I considered a very different cover, showing King’s College Chapel in a dramatic silhouette. It matches the other three new covers more closely, but tells you nothing about the story. People shown both covers preferred the existing cover: it links the title to two people, the main characters in the story, and hints strongly at plot.
These faces, incidentally, are part of the incredible, beautiful detail in the chapel’s west window. If you get a chance to visit the chapel, do. It’s a tremendous building.
The Pink and the Grey

Now the real change!
I love the old cover. Two quarters of the shield hint at the story, and it’s full of fun if you look at the detail. But nobody sees any of that. People see a cover with a shield on it – and that’s about it. Nobody sees the central circle as a camera lens. The title, of course, gives little away.
The new cover focuses heavily on the surveillance cameras in St Paul’s College (they’re not the whole story, but it’s a mistake to cram too much into a cover).
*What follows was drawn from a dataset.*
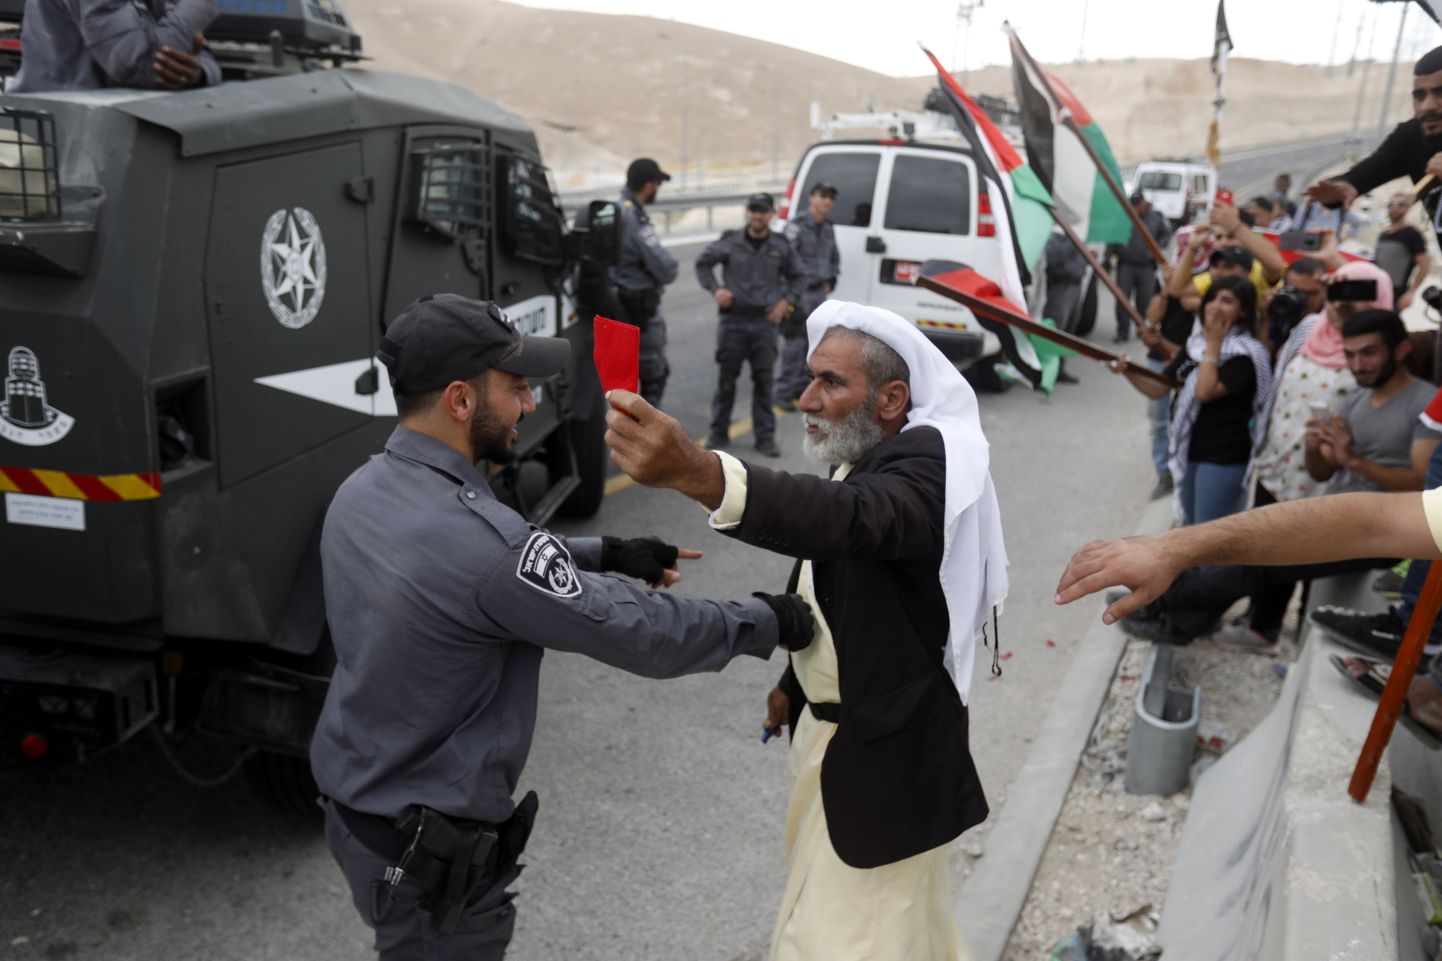 Demonstrators scuffle with Israeli troops as others wave Palestinian flags during a protest against Israel's plan to demolish the Palestinian Bedouin village of Khan al-Ahmar, located between the West Bank city of Jericho and Jerusalem near the Israeli settlement of Maale Adumim

You can now tell at a glance the plot involves cameras, probably a lot of them, with hints of disagreements (cameras looking at cameras). This cover makes the book look humorous, too. It’s a much better fit for the story than the last one.
The taglines for The Pink and the Grey and The Pauline Conversion have the same feel, reinforcing their shared universe (let’s hope I can keep the pattern going for future books). Using four one-word sentences, with the last word slightly off-the-wall, helps convey the humour as well as the plot.
I have a notebook full of sketched ideas for this cover: despite the simplicity of the final idea it took a long time to get here.
Summary
The new covers are now published everywhere (the old covers persist only on sites like Goodreads that track each edition separately). I hope they’ll convince more readers to get as far as page one, where the writing can take over. The truth is I have no idea: I’m far too close to the covers to be objective about them. We’ll see. Come back in a year to see if my new book’s called Nnnnggngg.